Biostatistics, Informatics, and Health Data Experts
Hakan Demirtas Heading link
Expert on: missing data, multiple imputation, stochastic simulation, random number generation, Bayesian computing, number theory.
Hakan’s work spans several major areas of statistics and is driven by an interest in developing statistically sound solutions to real-world problems. His methodological research interests can be categorized into the two broad areas: analysis of incomplete multivariate data and stochastic simulation. His concentration has been on biostatistics in recent years, however, the fundamental principles of these research topics can be applied to a wide range of disciplines including finance, econometrics, mathematics, engineering, quantitative social and behavioral sciences, among many others. Having engineering and business administration degrees, followed by a doctoral level training in mathematical statistics, and currently working in a public-health oriented environment, give him the tools and perspectives for striking a delicate balance between technique and judgment to make statistical, computational, and methodological contributions to a wide range of substantive areas.

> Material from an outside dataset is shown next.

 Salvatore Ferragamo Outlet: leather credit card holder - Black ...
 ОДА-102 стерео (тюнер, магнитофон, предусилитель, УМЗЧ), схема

Michael Petros Heading link
Expert on: clinical laboratory testing, screening policy, surveillance, genetics, data analysis
Michael Petros served 38 years at the City of Chicago and State of Illinois public health laboratories, first as a senior microbiologist and later, as chief of operations for the newborn /metabolic diseases screening section. His research interests include developing decision-making strategies for genetic screening policy and his teaching interests include population genetics, public health policy, disease screening, data analysis and the visual display of data.
Apostolis Sambanis Heading link
Expert on: disaster management, environmental risk management.
Apostolis Sambanis’ current research interests involve risk visualization and decision support content for managing disasters or measuring resilience. Previously research includes evaluation of a geospatial health risk computer program funded by the USEPA known as Spatial Analysis and Decision Assistance (SADA), implementing the CDC BRACE climate change adaptation framework for the state of Illinois, and developing a Private Sector Integration Plan for the creation of logistical inventory software to be used during a disaster response event.
Jiehuan Sun Heading link
Expert on: risk prediction, phenotyping.
Jiehuan Sun’s primary research interests are to develop statistical methods to deal with big longitudinal medical data including electronic health record (EHR) data and genomics data. His previous studies include building predictive models to calibrate the risk of congestive heart failure among type II diabetes patients using EHR data, developing high-throughput phenotyping algorithms to identify patients truly having certain disease based on medical history data such as ICD codes and clinical notes, and identifying disease-related genetic traits using both genetics data and EHR data.
Li Liu Heading link
Expert on: Statistics methodologies in behavioral and cancer research, Longitudinal design, multilevel/clustered data, survival data, mediation analyses.
Li has extensive experience in the design and analysis of various types of data in longitudinal or multi-level studies. Her previous work included the design, execution, and analysis for multiple large-scale longitudinal efficacy trials, including prevention studies for adolescent behavior, efficacy trials for HIV prevention in global health, and prevention trials for preterm birth and early childhood health. In recently years, she is also supporting cancer research. The projects she served as a senior statistician included cancer biology and genomics data, cancer outcomes, Phase I and II clinical trials in cancer treatment, and cancer disparities.
Rrita Zejnullahi Heading link
Expert on: Meta-analysis and causal inference
Rrita’s research interests are in the use and development of statistical methods and tools to support policymaking. This includes the quantification of uncertainty of point estimates from predictive models, the formulation of effect sizes and effect size estimators in randomized and quasi-experiments when adjusting for covariates, and extensions of meta-analysis methods to small sample situations. She is also interested in generating empirical evidence about how policymakers and practitioners make decisions currently and designing tools that better support their decision-making processes.